Recognizing the power of art to enrich lives, create civic pride, and encourage international understanding, the Fundación Cisneros champions and creates programs that promote the quality and diversity of Latin America's unique cultural heritage.

Proyecto Orinoco is a broad initiative to preserve, study, and promote the cultural heritage of Venezuela and its indigenous populations. The result of some fifty years of rigorous collecting, Proyecto Orinoco documents more than 2,000 ethnographic objects from twelve distinct societies. It also contains a vast archive of travel material from explorations in Southern Venezuela, including more than 300,000 photographs.

Guided by a commitment to make these cultures known to a wider public, the Fundación Cisneros has initiated an ongoing traveling exhibition of selections from the collection, and published the first general-audience book about the peoples of Southern Venezuela. Currently available in Spanish, English, and German, the exhibition catalogue Orinoco-Parima, Indigenous Societies of Venezuela contains extensive information about the twelve ethnic groups native to the Orinoco River basin and the extraordinary objects they create.

To encourage global awareness of and respect for the cultures of the region, the Fundación Cisneros launched Orinoco Online, an award-winning multilingual resource featuring highlights from the collection, a searchable database, in-depth articles on the indigenous groups represented in the collection, a multimedia glossary, and an interactive map of Venezuela.
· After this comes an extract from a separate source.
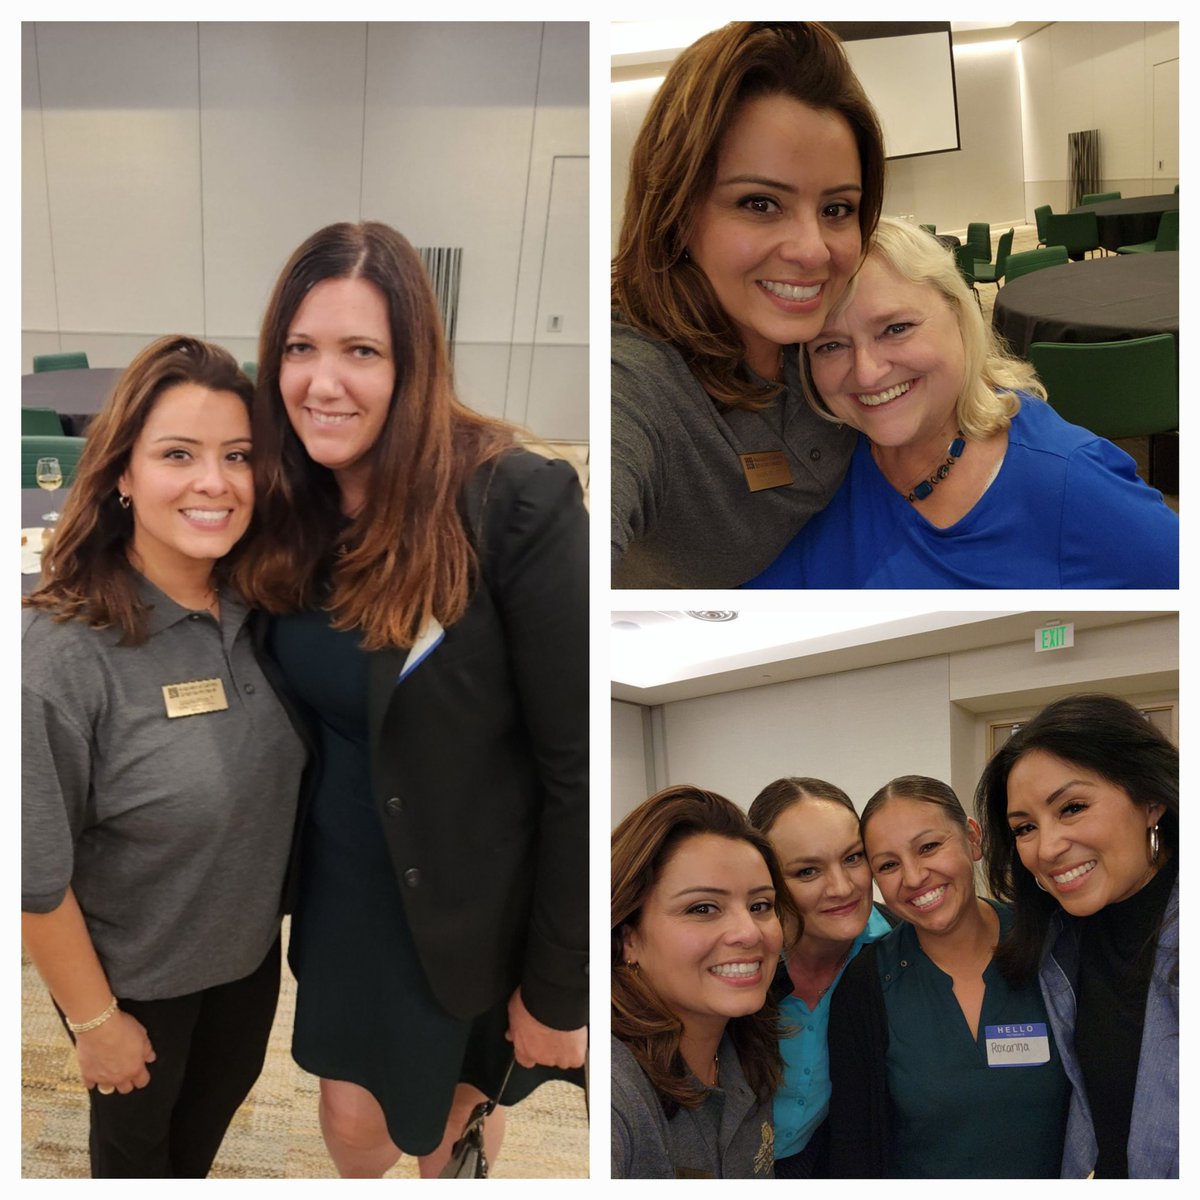 ACSA Fall Social, great time to catch up, network, and re-energize with amazing leaders. Thank you @ACSA_R16 @MsDamonte @ScottAtLAUSD @davalos_ileana @SerratoDr @ErwinElementary @MiddleReed @JonasLAUSD @SMMendoza123 @LASchools @michael_payne2

One of the core cultural initiatives of the Fundación Cisneros is a wide-ranging program in visual arts education and awareness based on the Colección Cisneros. The mission of this program is to collect, preserve, study, and exhibit the Colección's extensive artworks and related archives, which consist primarily of modern and contemporary art, with an emphasis on Latin America. The Colección includes Colonial Latin American art, international decorative arts, and a selection of Latin American landscapes from the seventeenth to the early twentieth century, executed by both local artists and those who traveled to the continent from North America and Europe. Through exhibitions, a dynamic lending program, publications, arts education programs, and online access, the program works to heighten the appreciation of the diversity, quality, and range of art from Latin America.

The Colección supports arts education in Caracas schools through the Programa de Pensamiento Visual (PPV). Developed by The Museum of Modern Art in New York (MoMA) and adapted for Venezuelan schoolchildren with the help of educators from MoMA and The Galeria de Arte Nacional in Caracas, PPV uses artworks from all three collections to help children develop critical visual-thinking skills.

In an effort to broaden awareness of Latin American art at the curatorial level, the Patricia Cisneros Travel Fund for Latin America enables curators from MoMA to travel to Latin America. In addition, in 1999, the Fundación Cisneros created The Cisneros Fellowship, supporting Latin American students in the two-year post-graduate curatorial studies course at Bard College in New York.

The Colección also publishes a series of catalogues and books that highlight aspects of the Colección and Latin American art and are distributed throughout Latin America and the United States.

The Centro Mozarteum is dedicated to the professional advancement of young musicians from Venezuela; offering the Venezuelan public opportunities to experience a wide range of classical music; and raising international awareness of the excellence of Venezuelan composers and musicians. Thanks to this program, more than 200 young musicians have attended courses in the best musical centers in Europe, the United States, and Latin America; and numerous internationally acclaimed orchestras, conductors, and opera and ballet companies have performed throughout Venezuela. Other programs include master classes with internationally recognized musicians, the publication of compact discs featuring outstanding Venezuelan artists, artist exchange programs, and a resource center that maintains a library of music and recorded material. Currently, the Centro Mozarteum is working to establish a school for the study of violin and viola for talented young Venezuelan musicians, primarily from low-income backgrounds.

The Centro Mozarteum has received the support and recognition of international cultural institutions and private enterprises.